So when I was learning this, we had a heatwave, and I think it was really, I mean, really hot, from something like March until October or something, and I was on retreat the whole time. And I would just stand in the fields, in the less busy lanes, and just be staring at the sky, much to the amusement, probably, of the neighbours. [laughs] But it's one way of practising, and it's very, very potent -- just as potent. Eyes open, looking, and getting a real feel for the space. The body and the mind become kind of one with boundless space. We're trying to, again, dissolve the body and dissolve the mind in this boundless space. And it's a very exhilarating -- exhilaration is perhaps a really accurate word. There's really a sense of, "Wow!" It's almost dramatic in that dissolution, in that infinitude, in that disappearance of body and solidity.
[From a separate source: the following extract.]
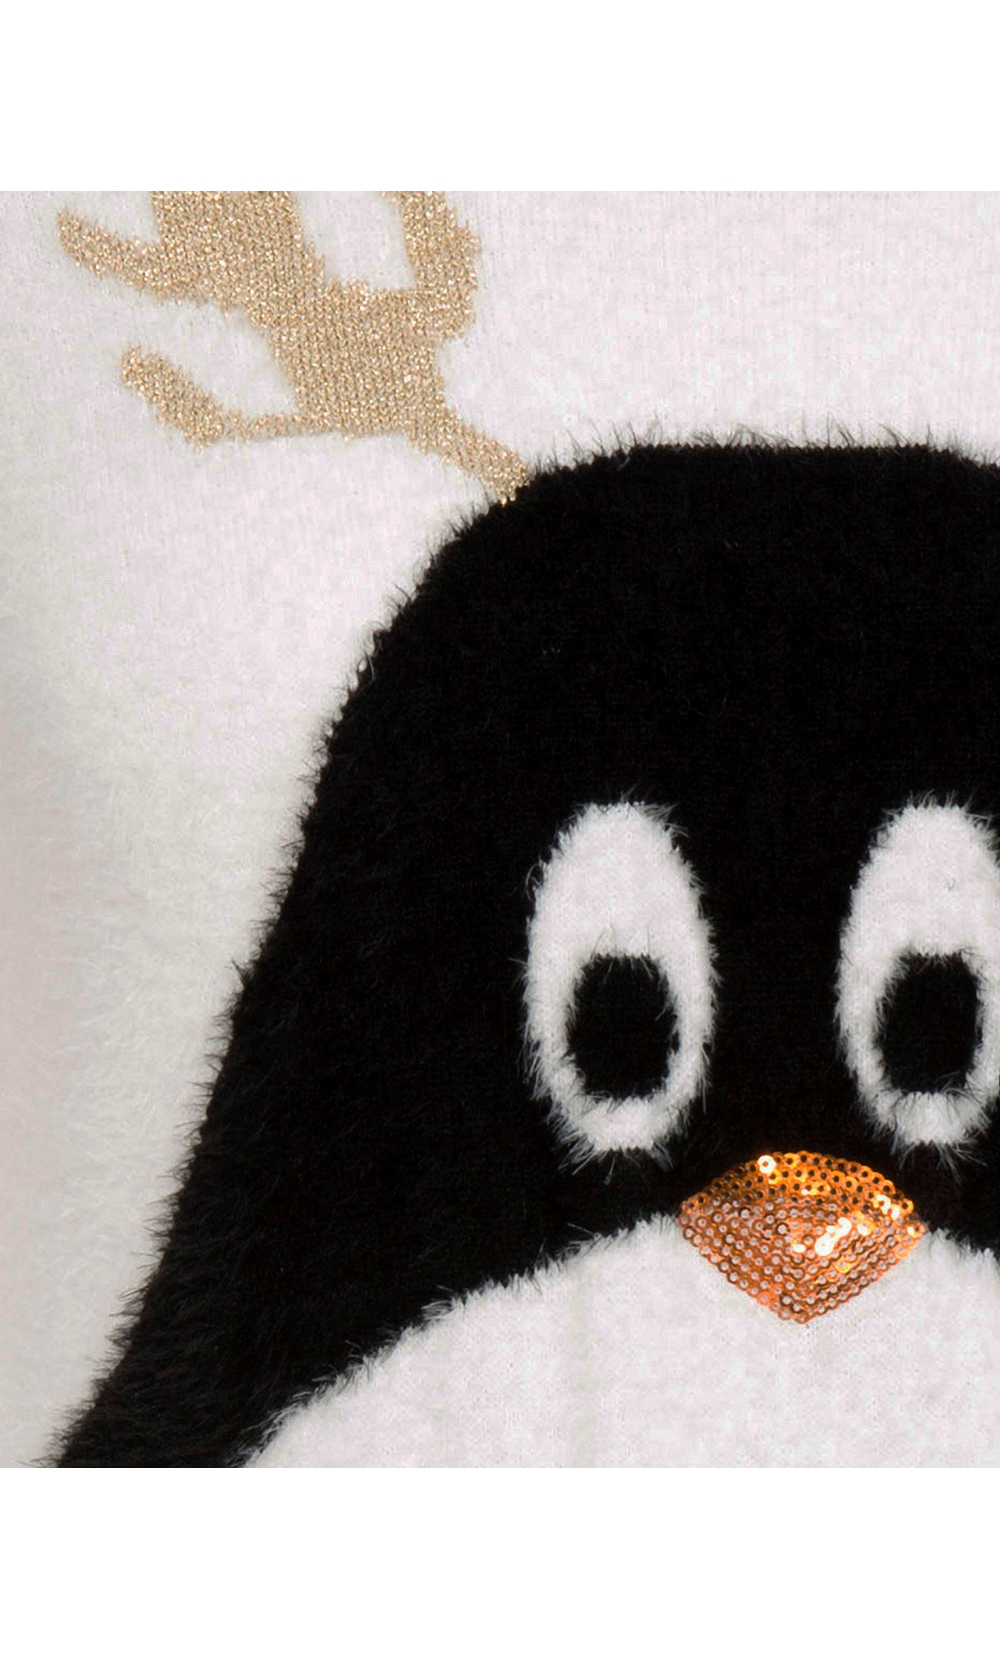 Penguin Design Long Sleeve Knit Top

We're, again, moving in that direction. It's the same thing with SASSIE. It's the A. 'Absorb' is a direction. Dissolving body and mind, absorbing into it -- "Being space," I used to say to myself, "Being space. I've become space." But it's a direction. However absorbed we are, we can always be more absorbed.
So with this kind of opening, there is, or there should be, a very strong sense of cosmic oneness, mystical cosmic oneness that emerges with this, with the opening to this realm -- both in the jhāna, certainly, because one has become space (there's nothing but space; the whole cosmos is just space) and also in the after-effects on perception. As I mentioned yesterday, to me, the after-effects on perception become really important at this level, the formless jhānas, or really powerful. They're potentially very potent. So there's a strong sense of cosmic oneness, and again, that does something to the heart, to the soul, to the sense of existence, to all of that. [28:57] I'll return to that later, come back to the oneness bit later.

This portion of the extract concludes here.